Undeterred by the adversity, they embarked on a journey of transformation, leveraging creativity and resilience to navigate the turbulent landscape.

Implementing innovative strategies such as introducing drive-through cinemas, setting up on-site COVID-19 testing facilities, and enhancing take-away services, Transcorp Hotels adapted to meet the evolving needs of its guests and ensure continuity amidst the crisis.

Embracing disruption as a catalyst for growth, Olusola fostered a culture of collaboration and teamwork, rallying her colleagues to overcome obstacles and embrace change.

Through unwavering determination and a commitment to excellence, Transcorp Hotels emerged from the pandemic stronger than ever, breaking profit and revenue records year after year.

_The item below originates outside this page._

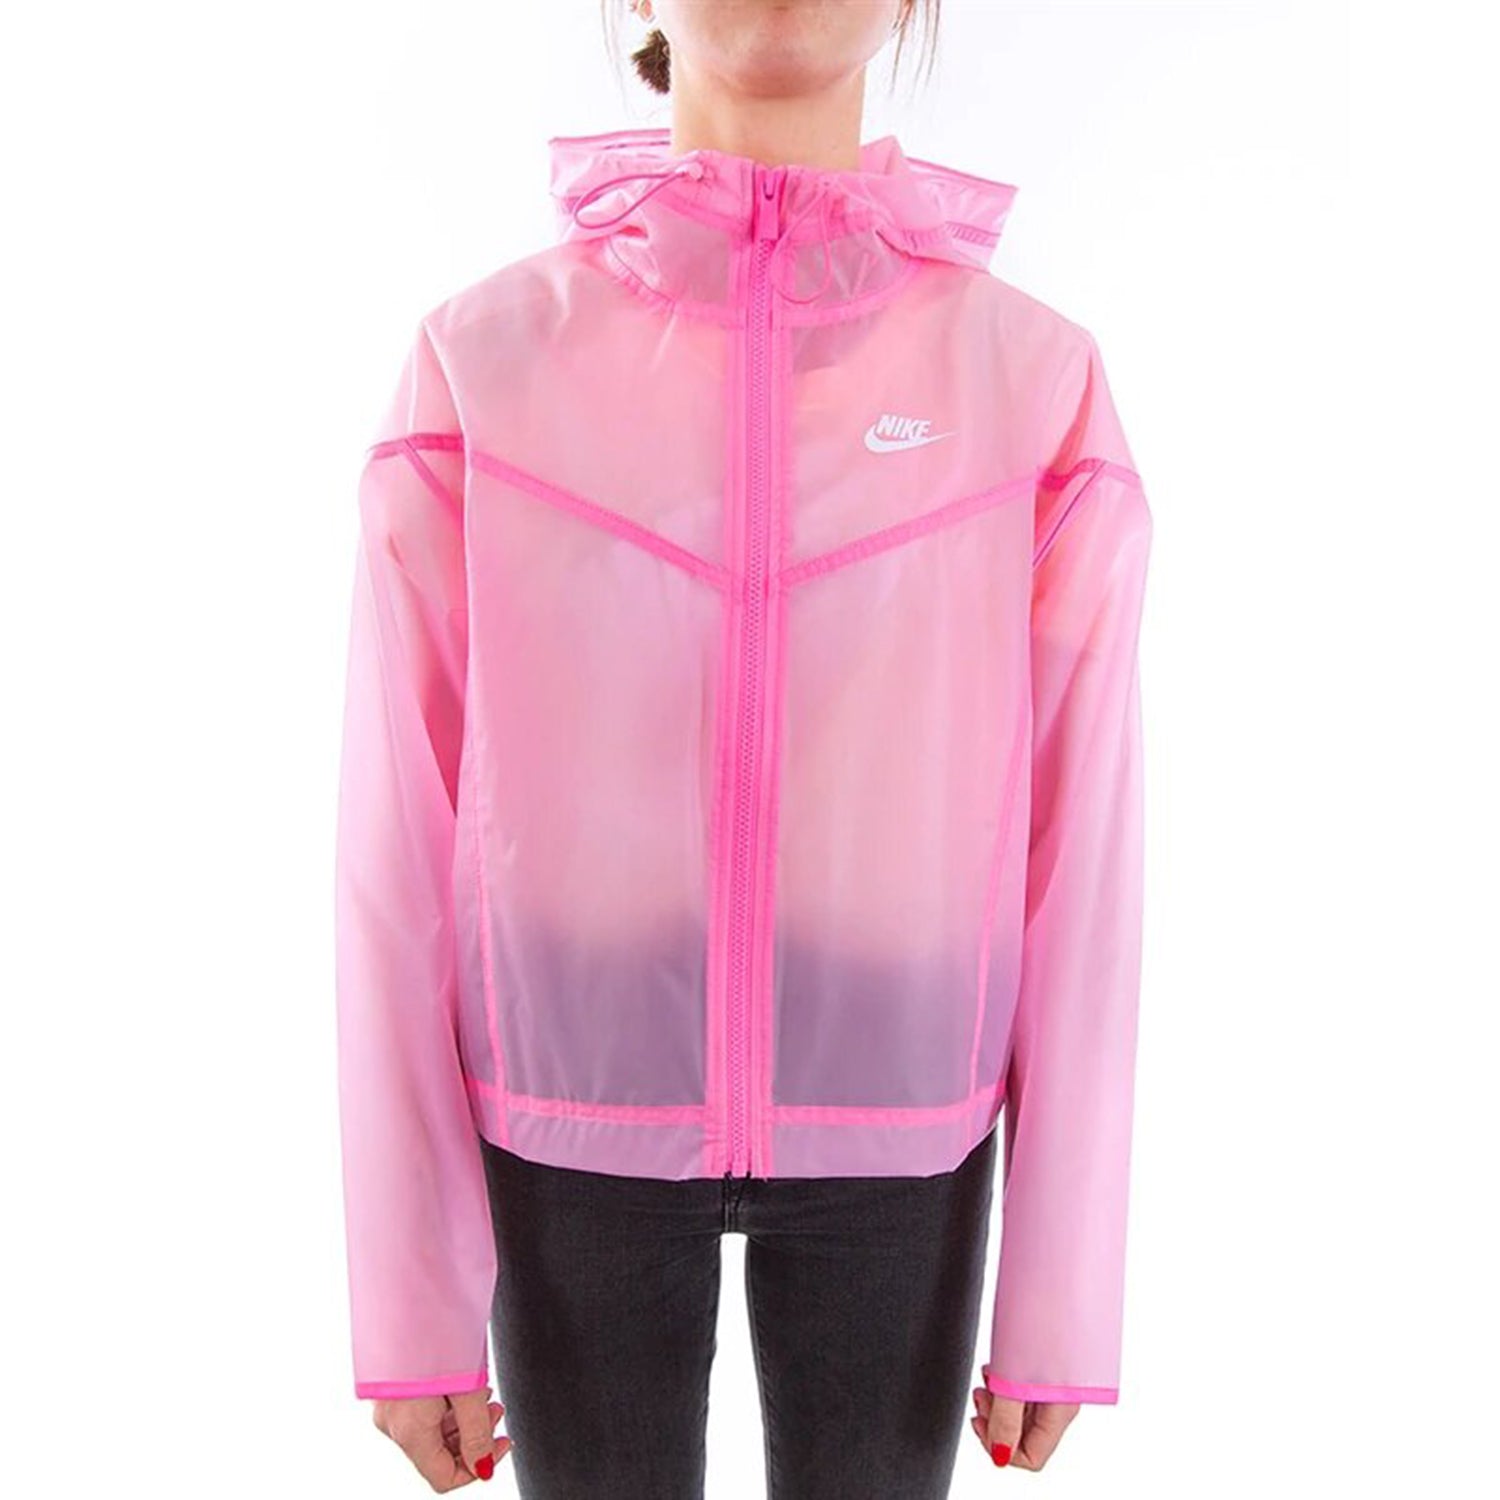 Nike Women's Sportswear Windrunner Pink

“It’s indeed been a great opportunity to learn and relearn, to lead and to grow. When you see success stories, remember it’s a journey with twists, turns, ups and downs but in the end, it will all be okay”, she said.

Olusola’s leadership exemplifies the power of adaptability and perseverance, inspiring her team to transcend limitations and chart a course towards unprecedented success.

As Transcorp Hotels continues to flourish under her stewardship, Olusola remains steadfast in her dedication to driving innovation, fostering growth, and breaking barriers in the hospitality industry.